Cataracts are most often associated with old age. With age comes many changes, especially with our eyes. Cataracts develop in most people sooner or later. However, it’s more common than you might think to develop cataracts at a young age.
Cataracts Before 50?
Chances are, when you think cataracts, your picture a person in their 60s or 70s. You aren’t far off from the truth, however, there are many things other than age that can cause early cataract development.
One factor in cataract development: diabetes. With diabetes comes a host of other health problems, one of them being an increased risk of cataracts. Uncontrolled blood sugar levels take a huge toll on the eyes, making early cataract development a real possibility.
Another cause of early cataracts is severe trauma to the eye. Penetrating injury, concussive force, electric shock or radiation can all cause early onset cataracts.
Some children are born with cataracts, or develop them within the first few years of life. These are called congenital cataracts. Approximately half of congenital cataract cases are genetic. These are quite rare, but it is important to attend scheduled pediatric eye exams to catch them early.

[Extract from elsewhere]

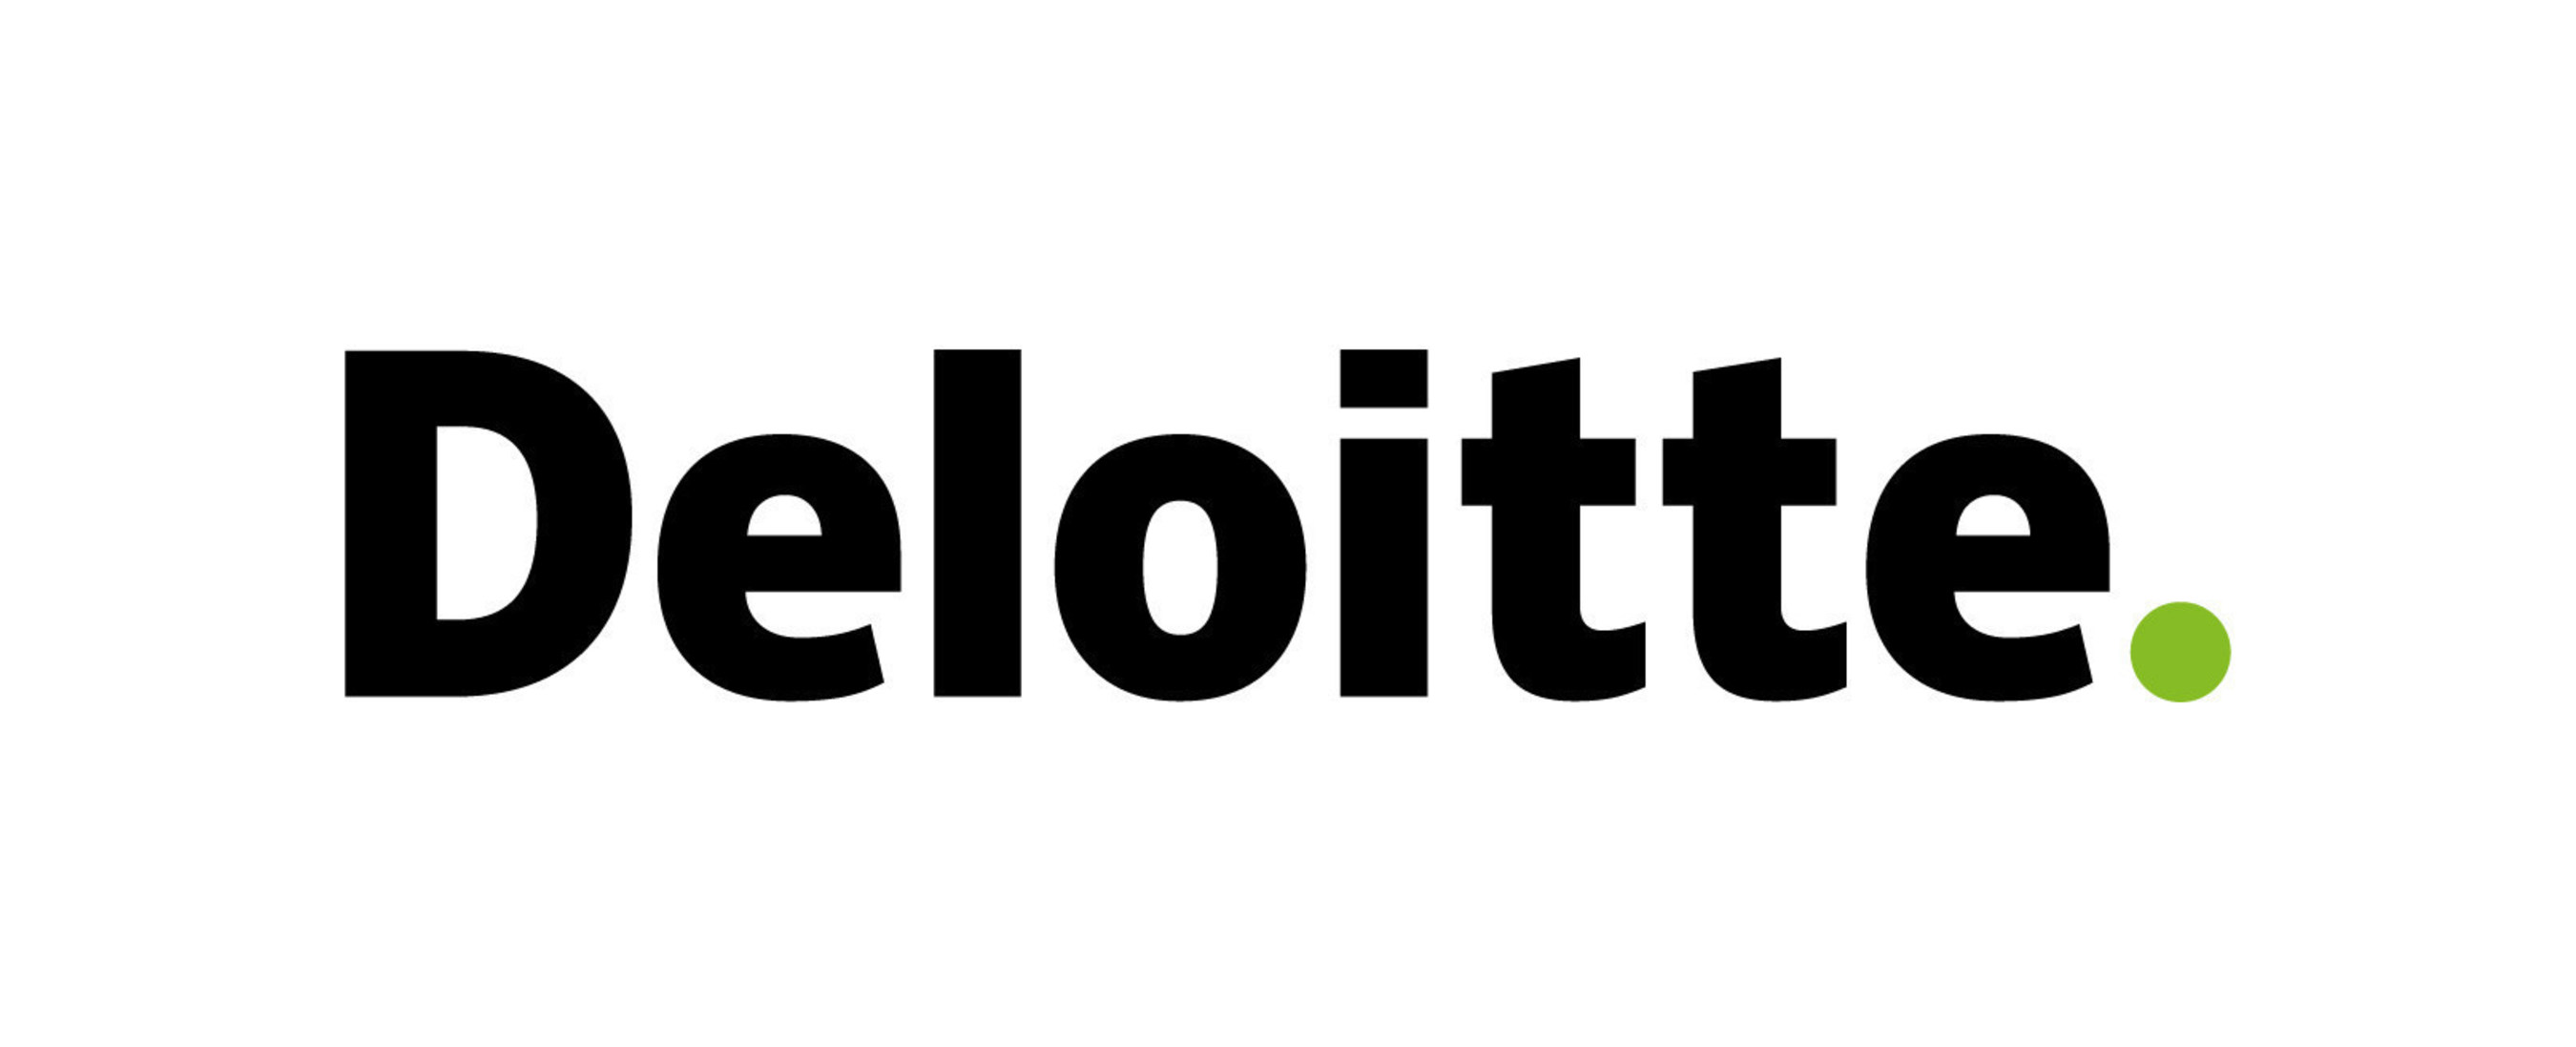 As used in this document, "Deloitte" means Deloitte LLP. Please see  www.deloitte.com/us/about for a detailed description of the legal structure of Deloitte LLP and its subsidiaries. Certain services may not be available to attest clients under the rules and regulations of public accounting. (PRNewsFoto/Deloitte) (PRNewsFoto/Deloitte)

Lastly, there are many risk factors what make it possible to develop cataracts early. Smoking, obesity, extensive exposure to sunlight, high blood pressure and a family history cataracts are all risk factors associated with early onset cataracts. Some studies suggest that vitamins C and D deficiencies can contribute to cataract development.
What are the symptoms?
At first, early onset cataracts are not entirely noticeable. The first thing most people notice is that their vision is getting steadily blurrier. Most people just chalk it up to the natural decline in vision as we age or to excessive screen usage. At this point, your cataracts will be easily diagnosed by an eye doctor.
As cataract progress, patient’s begin to notice that colors are less bright, and there is a yellow tint to their vision. Some may even notice slightly distorted vision.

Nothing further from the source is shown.